The free school lunch initiative for children from poor or disadvantaged families was introduced by President-elect Prabowo Subianto and Vice-President-elect Gibran Rakabuming Raka as one of their key campaign promises. Mr Gibran is President Joko Widodo’s elder son...
The pair – who won the Feb 14 presidential election by a landslide and will be inaugurated in October – had in the lead-up to the polls pledged to offer free lunches and milk for students as well as nutritional aid to toddlers and pregnant women in a bid to lower the country’s stunting rate.
Over 20 per cent of Indonesian children under the age of five experienced stunted growth in 2022, according to the United Nations. Stunting, which is being too short for one’s age as a result of poor nutrition, can result in long-term development delays.
When fully implemented by 2029, the programme will cover 83.9 million beneficiaries across the world’s fourth-most-populous nation of nearly 280 million, and cost over 400 trillion rupiah (S$33.7 billion) a year – about 2 per cent of annual gross domestic product.
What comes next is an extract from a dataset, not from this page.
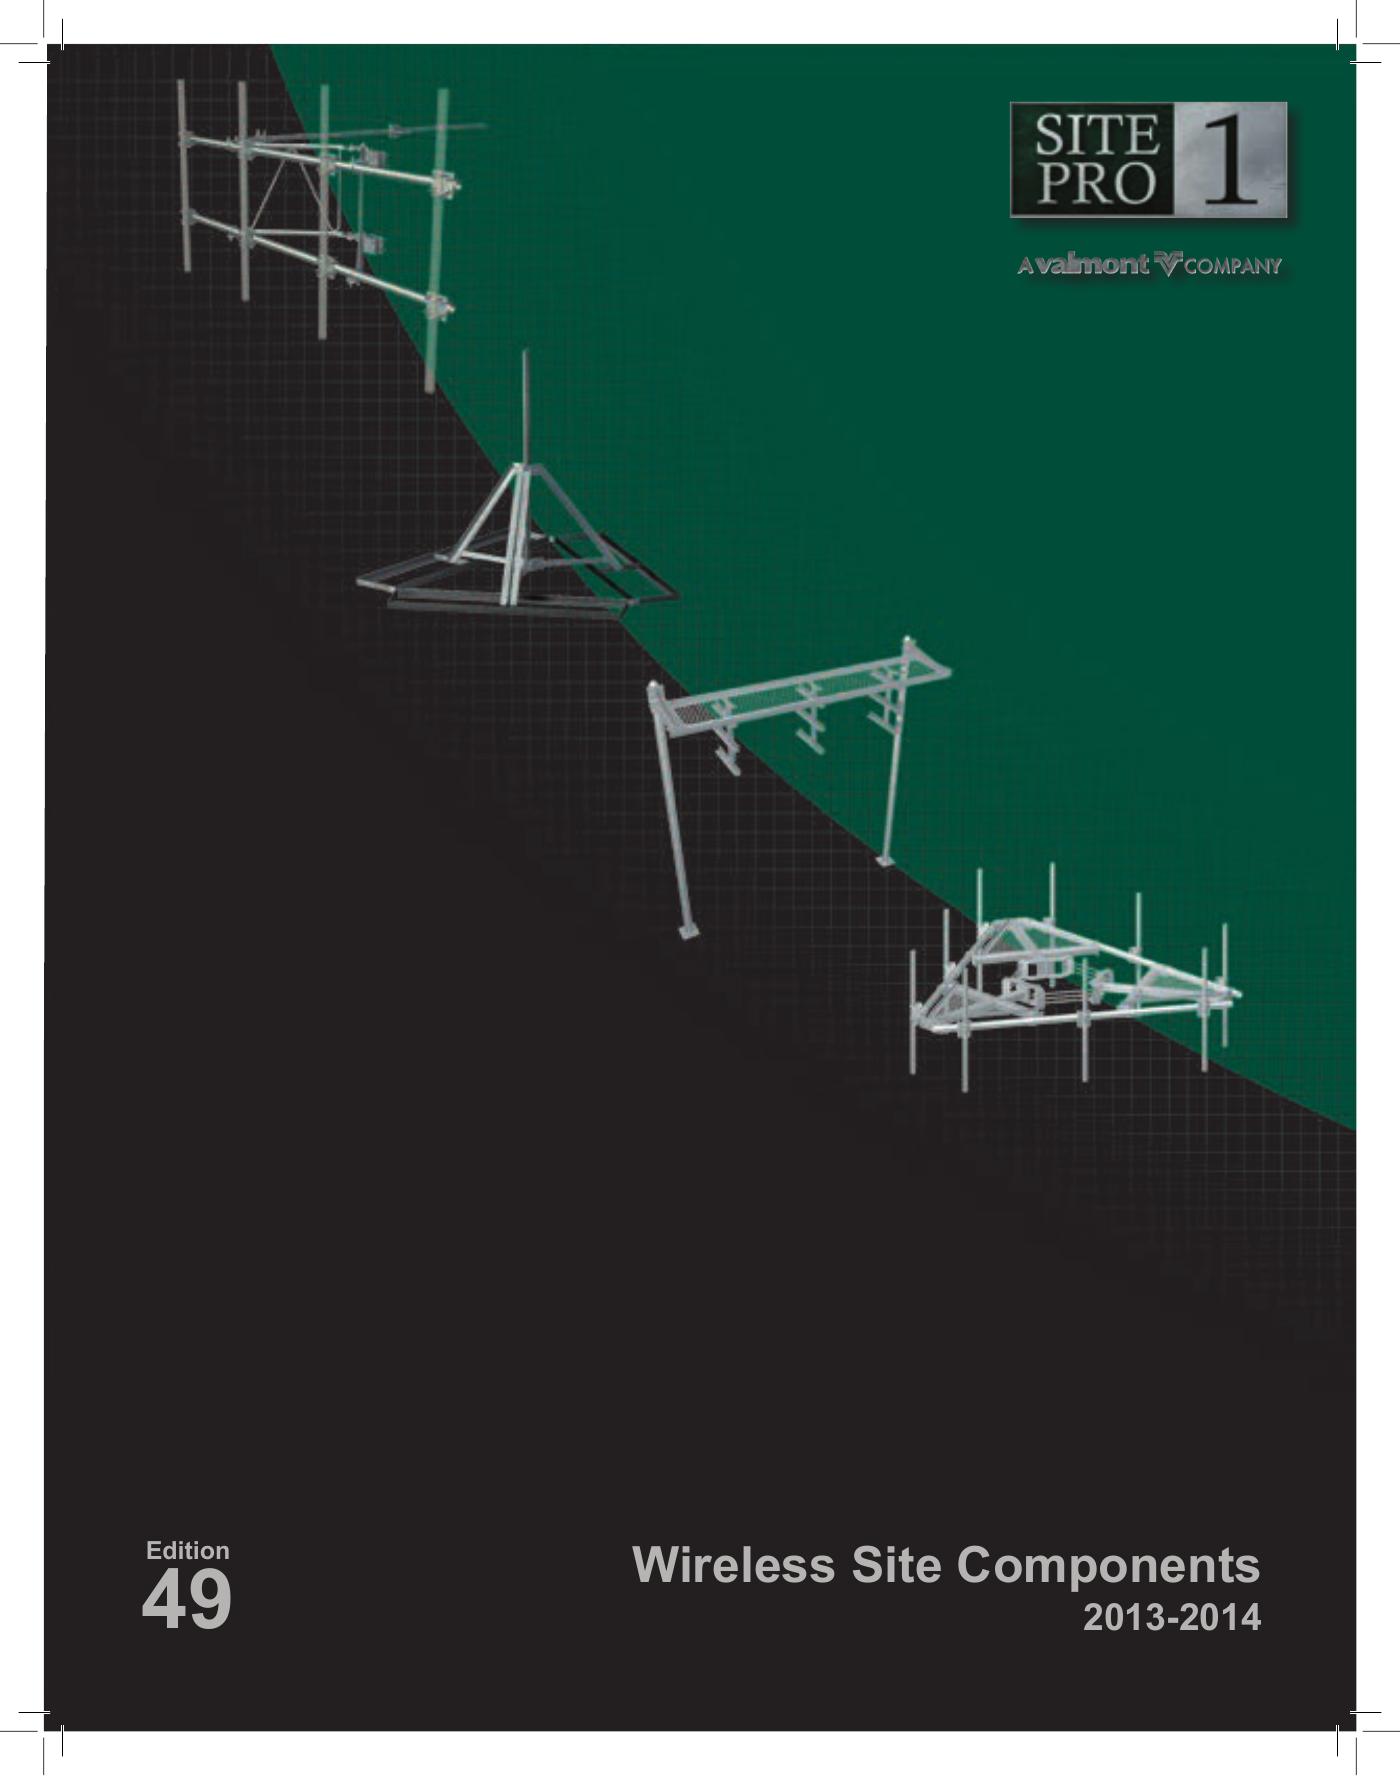 Wireless Site Components E550 Ford E 150 Wiring Diagram Manuals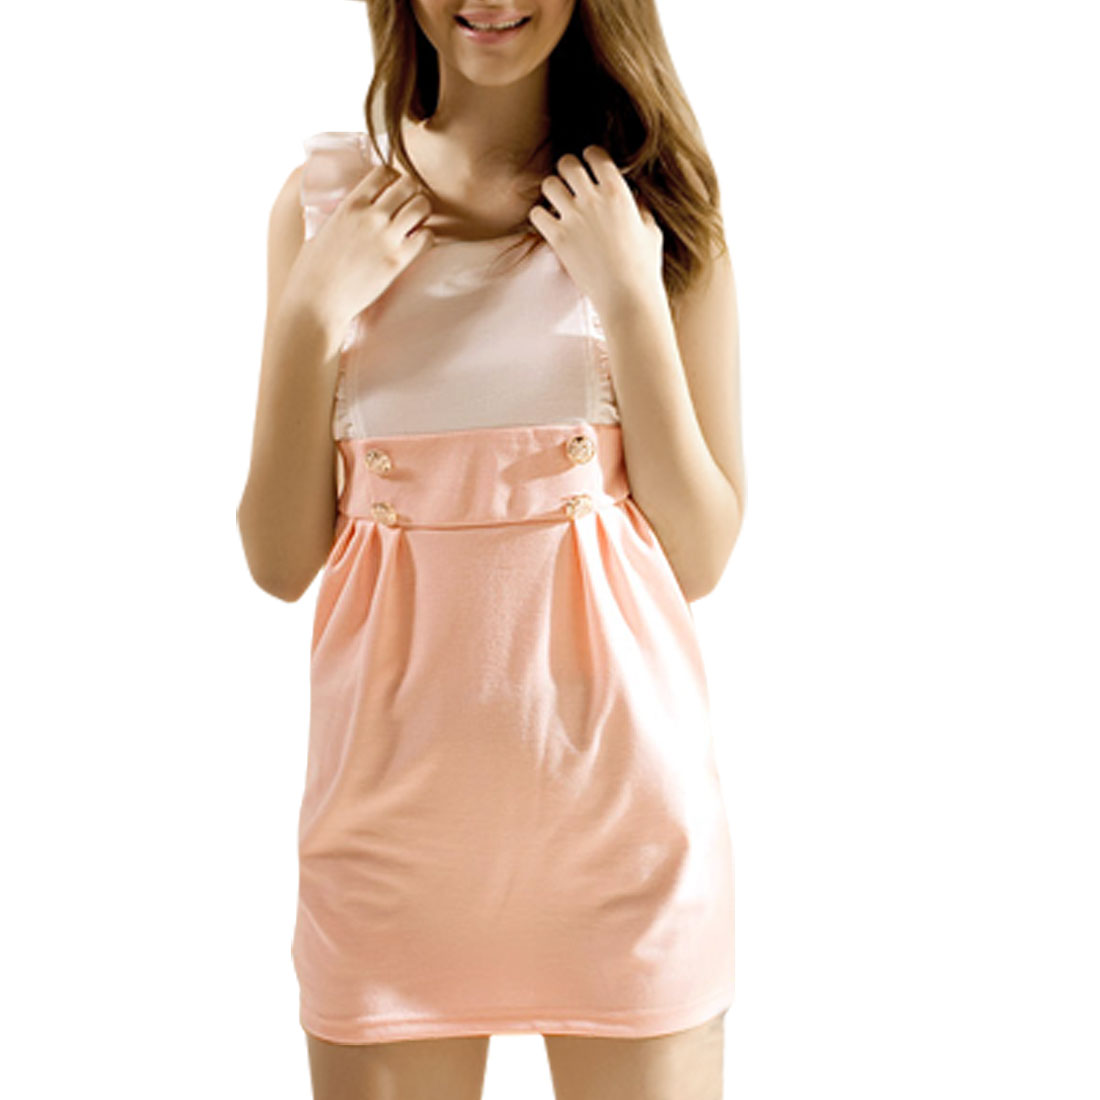 Lady Scoop Neck Sleeveless Back Zipper White Pink Dress XS

But on the ground, a trial that was first rolled out in January at 16 schools in Sukabumi, in West Java, has been warmly received by around 3,500 students, their parents and school leaders, who have seen positive changes.
For one thing, saving on the cost of lunches for four of her nine children has provided significant financial relief for Indonesian housewife Rofiati, 46.
Her husband, a teacher at an Islamic boarding school in Sukabumi, earns 2.5 million rupiah a month on average, and the free school meals have helped them save about 420,000 rupiah monthly, which she can put towards other household needs.
Her children do not usually have breakfast before school. Before the free lunch programme, her children would eat lunch only upon returning home from school. Lunch would usually consist of instant noodles, or dishes of vegetables, eggs, tempeh or salted fish.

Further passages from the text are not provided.